# Cinnamon sticks vs. ground cinnamon



## brewski09 (Apr 25, 2012)

Am a little frustrated with the cinnamon flavor I get when I add sticks to my mead. I made the JAOM and it's tastes more of bark and wood than anything resembling cinnamon. 

How much cinnamon does everyone recommend per gallon or 5 gallon batch (per liter is also welcome as I usually brew in metrics d/t higher sensitivity in my measurements)? How many sticks and what length do you use as well as when is the best time to add them? Also, can anyone tell me about using ground cinnamon? I have some high quality ground cinnamon from Penzey's Spices in my cabinet I have been thinking about using. 

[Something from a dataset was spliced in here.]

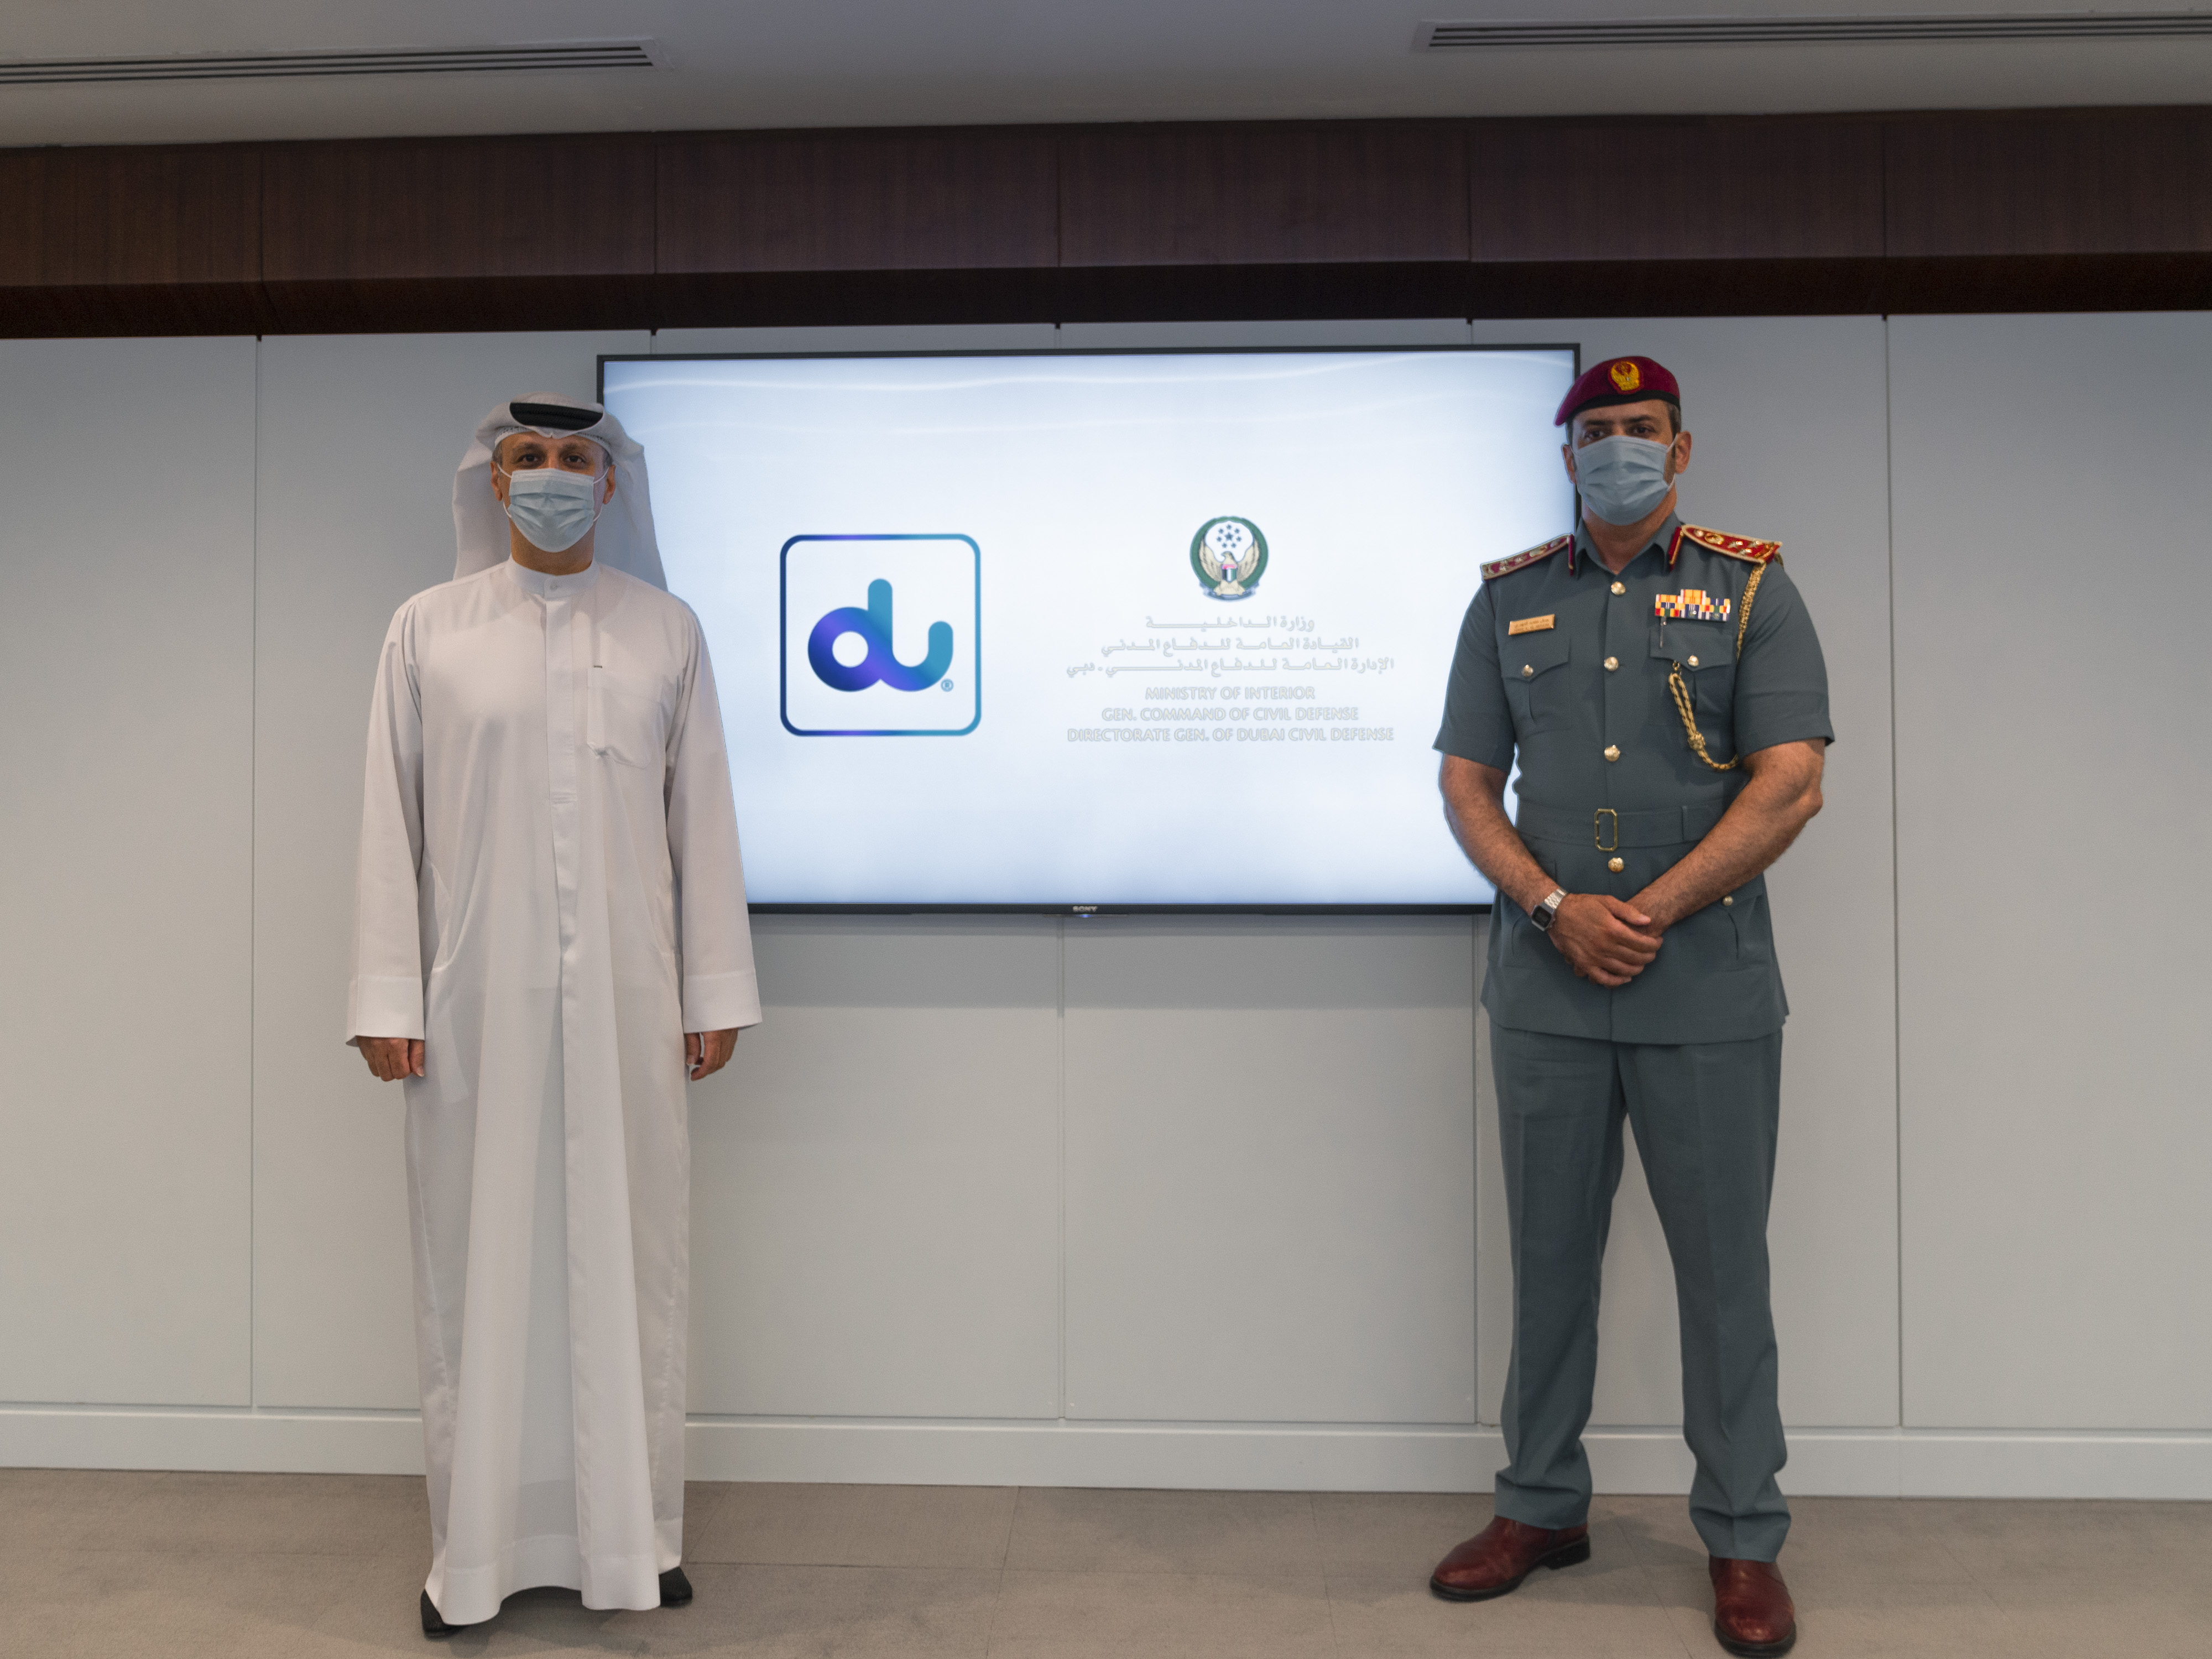 الإدارة العامة للدفاع المدني في دبي تبرم شراكة استراتيجية مع دو لتصبح أول جهة عسكرية في الدولة تتبنى تقنية بلوك تشين لتسريع وتيرة تحولها الرقمي

Thank you in advance for any help you ca give me.


----------



## mmadmikes1 (Apr 25, 2012)

I have been using ground cinnamon for last 2 batchs. flavor seems to come though better. In 5 gallons I put in 3teaspoons. I did heat about a quart of honey/water solution with the cinnamon in it to get better flavor


----------



## Runningwolf (Apr 25, 2012)

I use 3 cinnamon sticks per 6 gallons and change them out at each racking. Flavor comes through strong.


----------



## tonyandkory (Apr 25, 2012)

I would think sicks would come back out easier after you have it where you want it


----------